Your instructions:
Repeat the listing exactly. Any picture in it should be left out of the copy.

Dataset extract:

☆ ☆ ☆

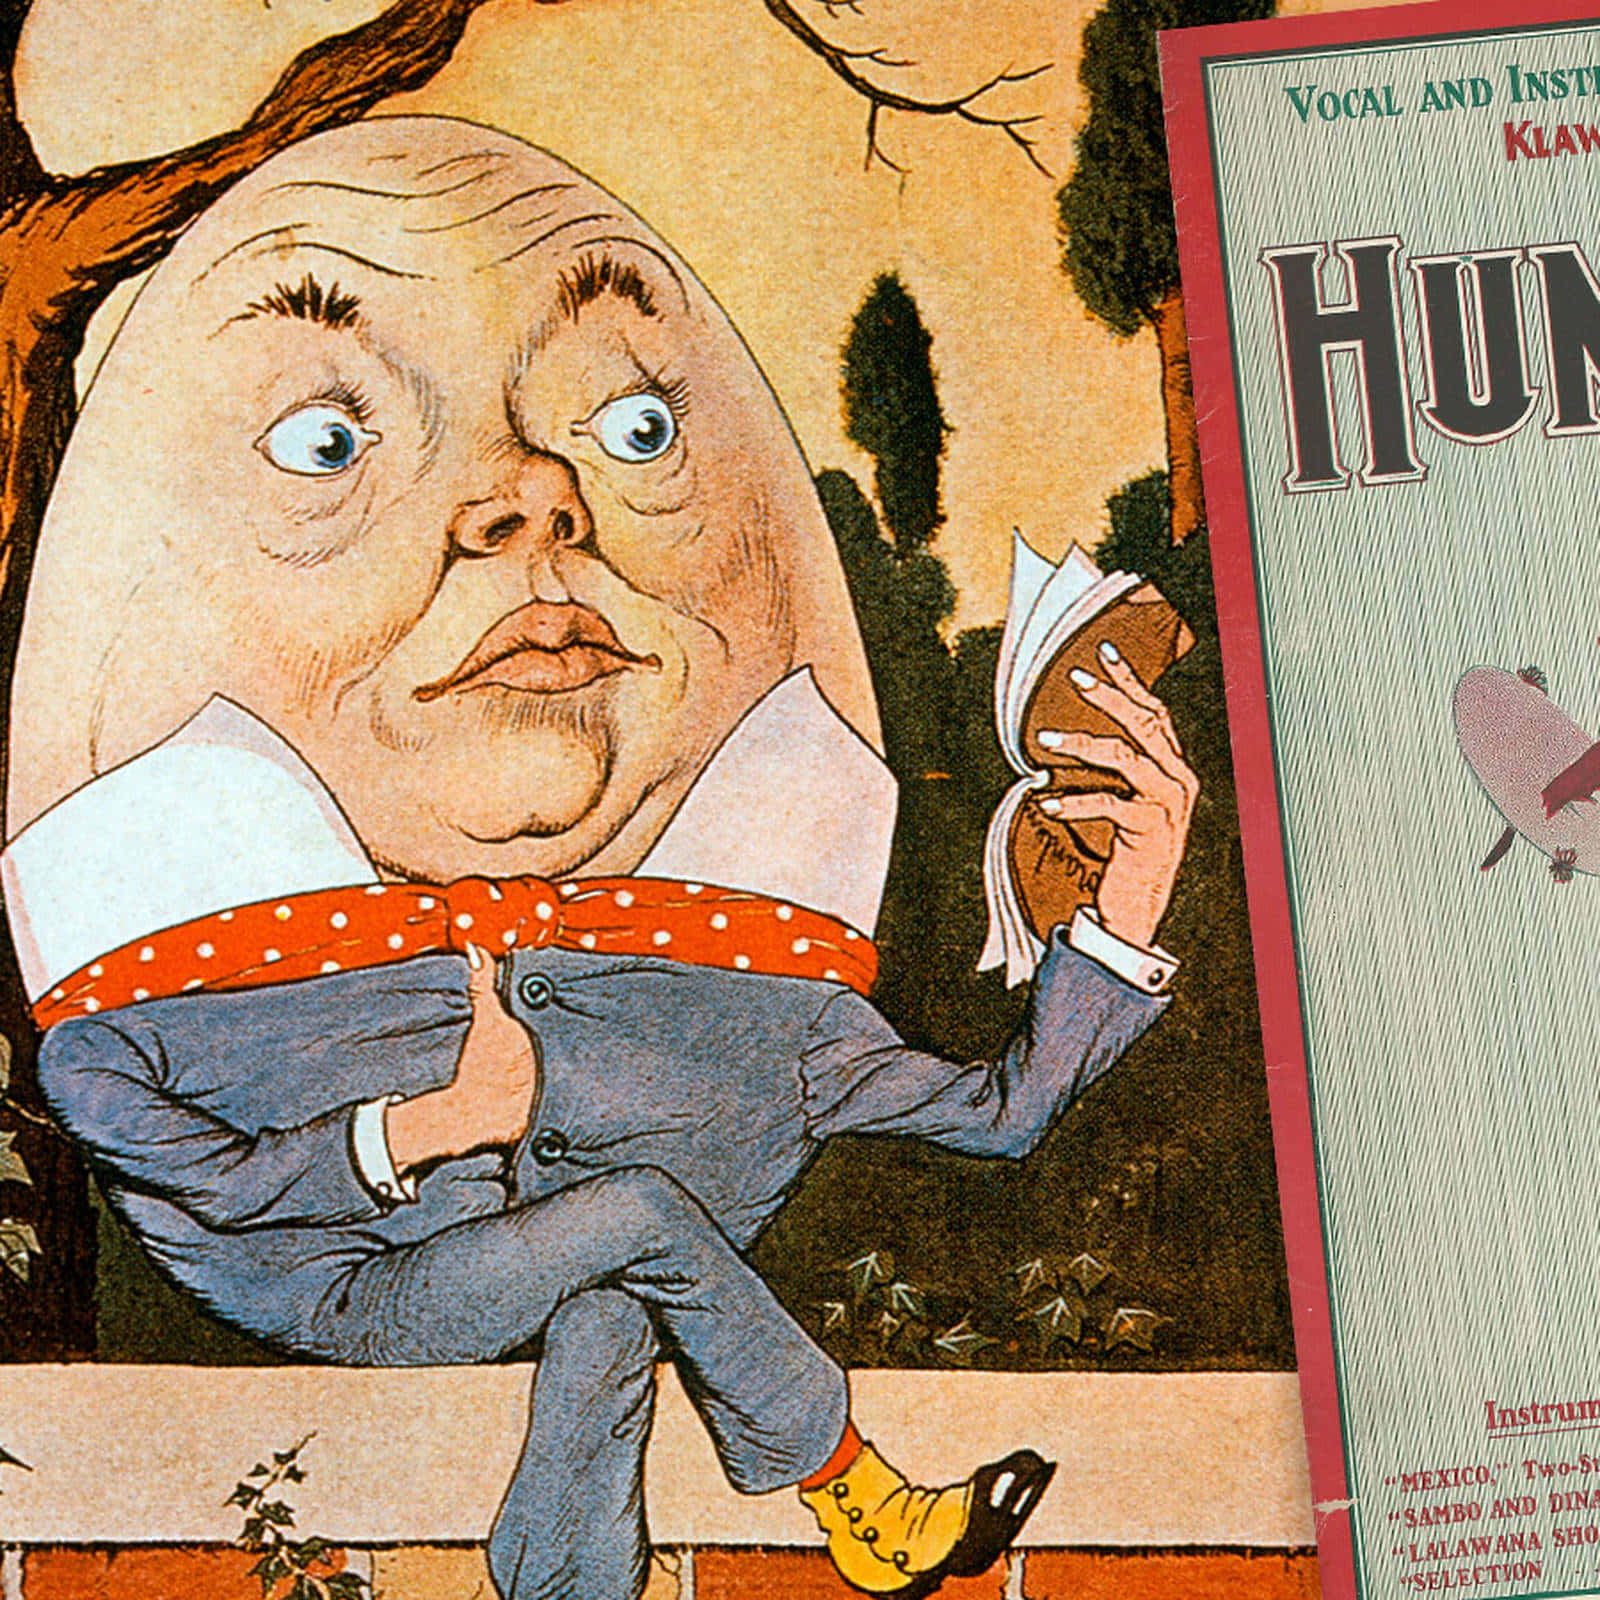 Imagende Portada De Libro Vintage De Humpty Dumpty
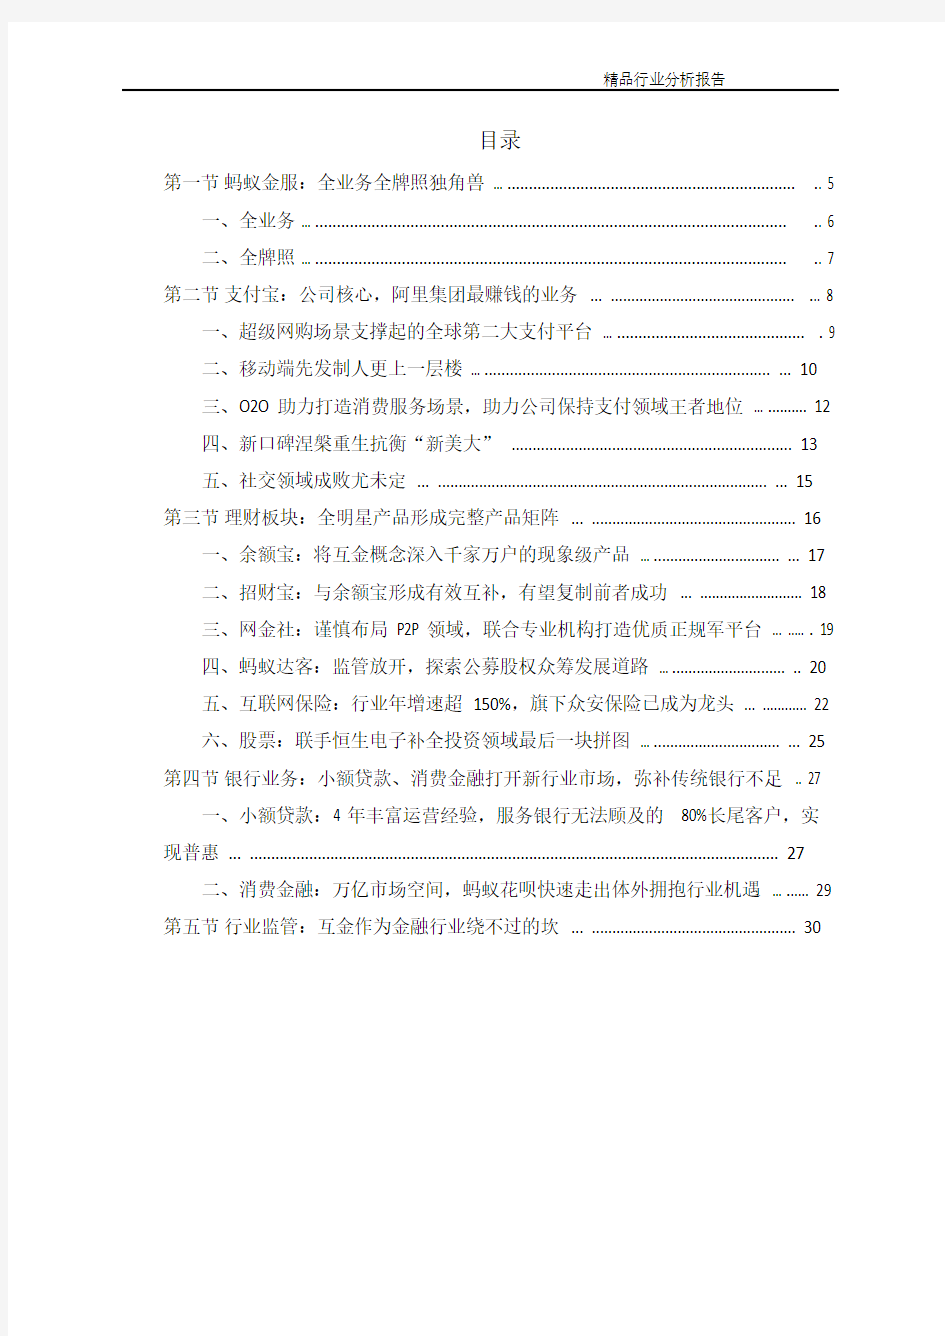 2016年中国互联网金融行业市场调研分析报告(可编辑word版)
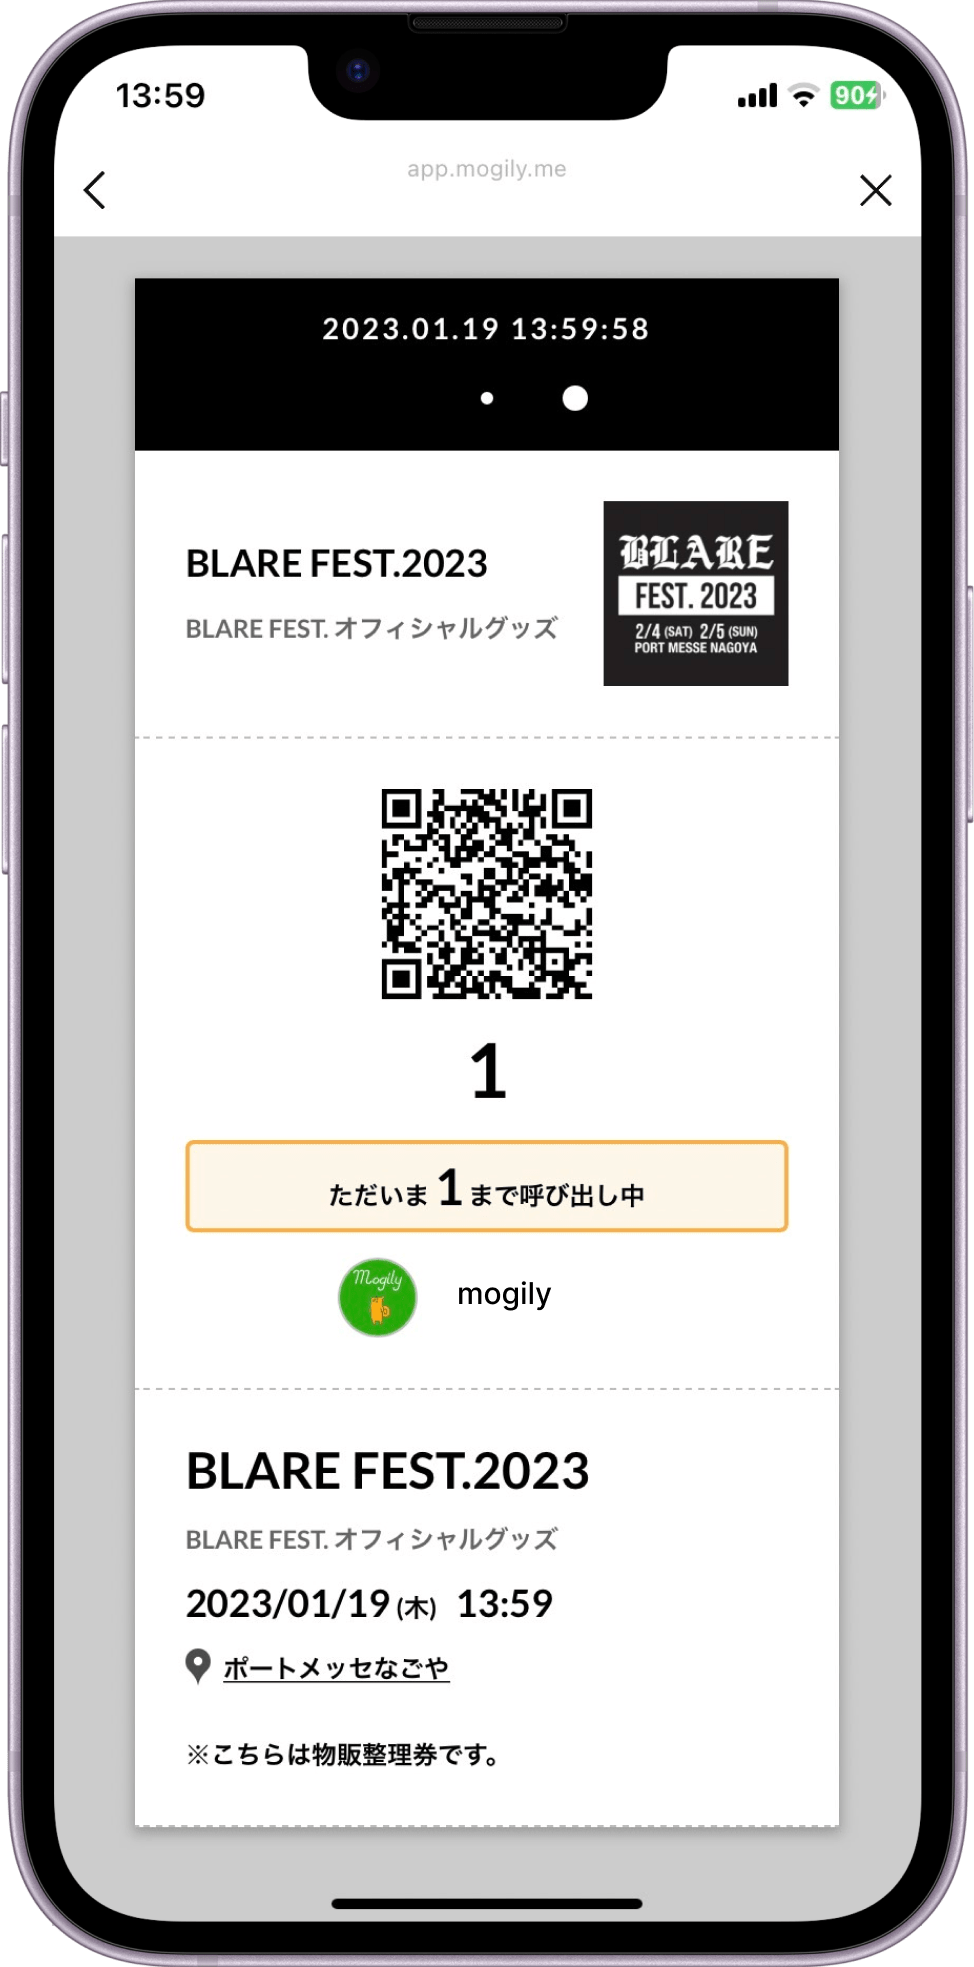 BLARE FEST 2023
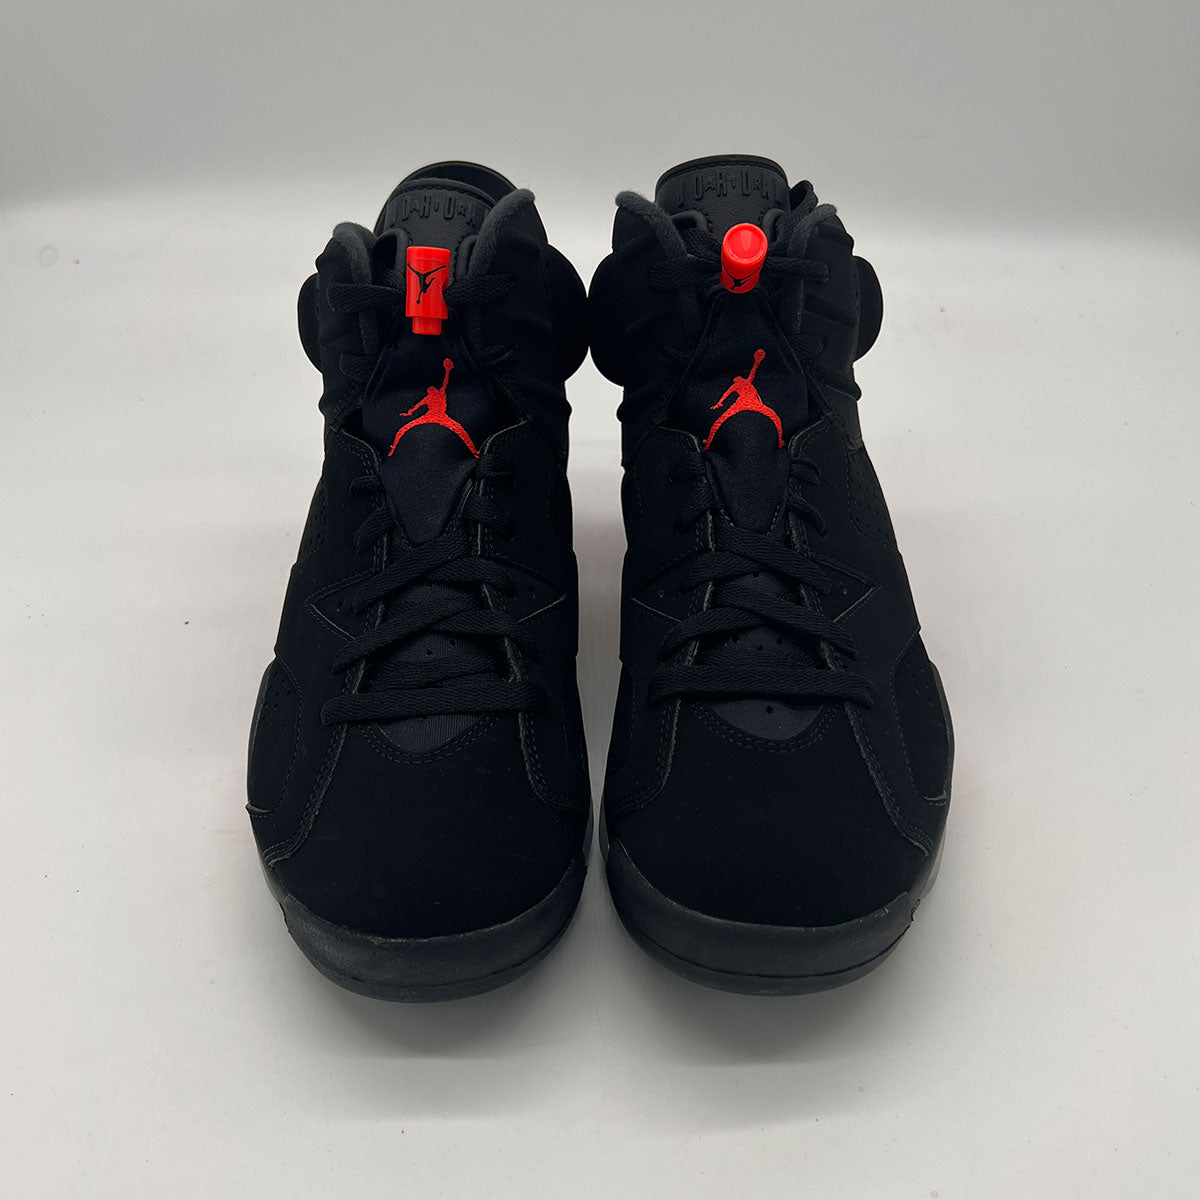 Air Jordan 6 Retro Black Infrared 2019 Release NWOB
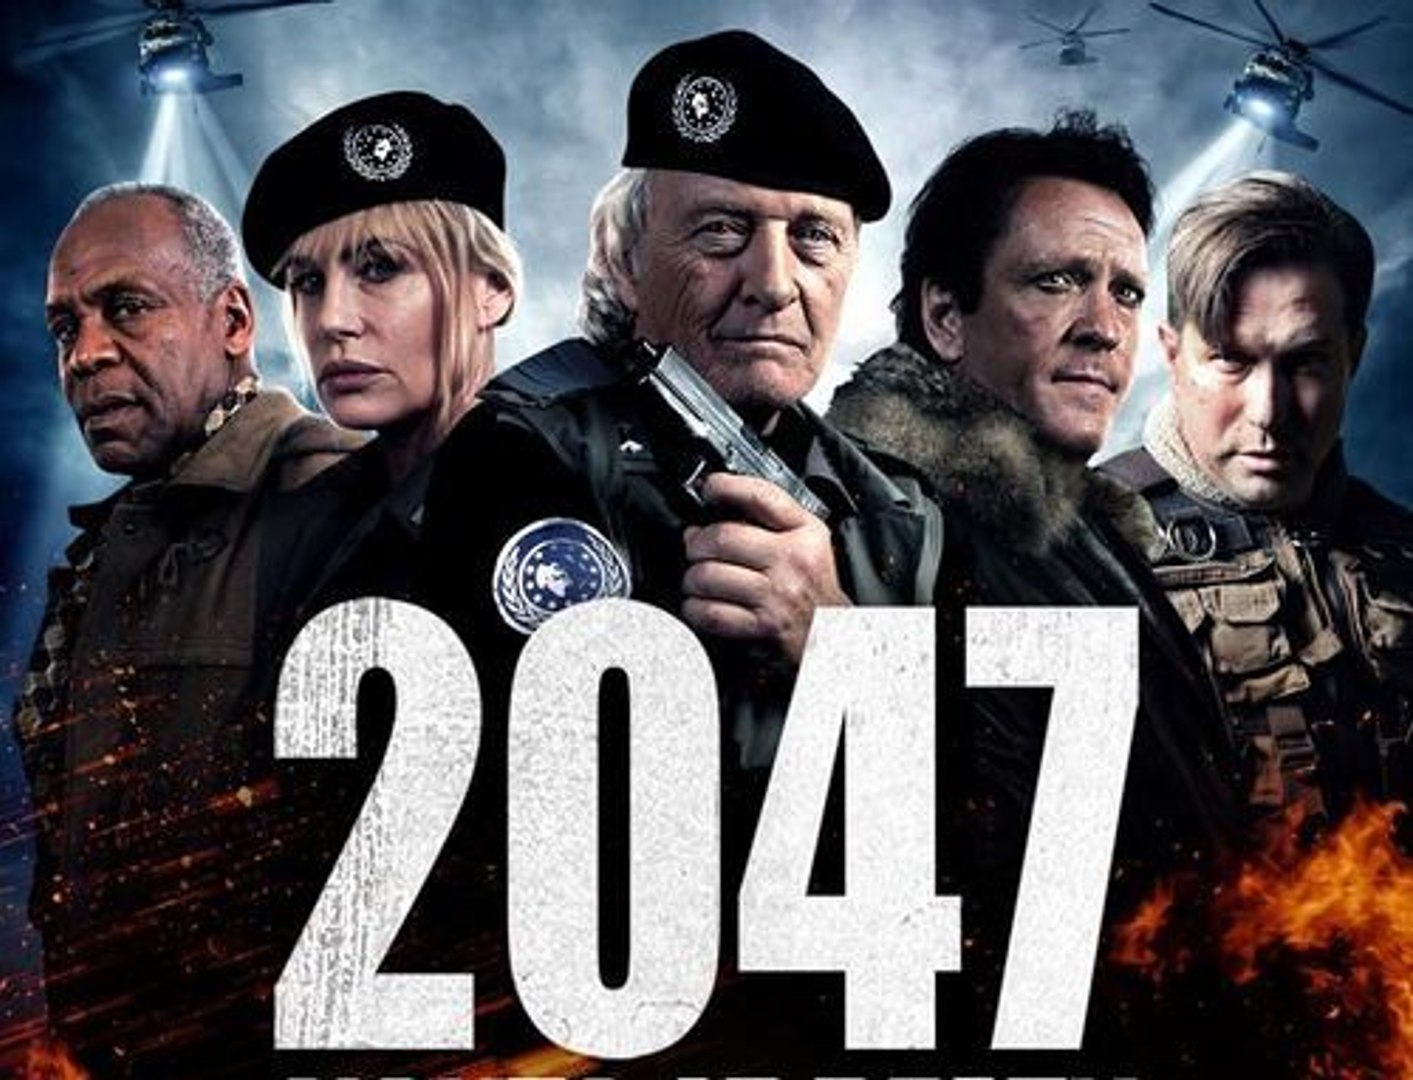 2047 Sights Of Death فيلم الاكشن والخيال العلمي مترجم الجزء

☆ ☆ ☆

Output for this exercise:
 Imagende Portada De Libro Vintage De Humpty Dumpty
 2016年中国互联网金融行业市场调研分析报告(可编辑word版)
 BLARE FEST 2023
 Air Jordan 6 Retro Black Infrared 2019 Release NWOB
 2047 Sights Of Death فيلم الاكشن والخيال العلمي مترجم الجزء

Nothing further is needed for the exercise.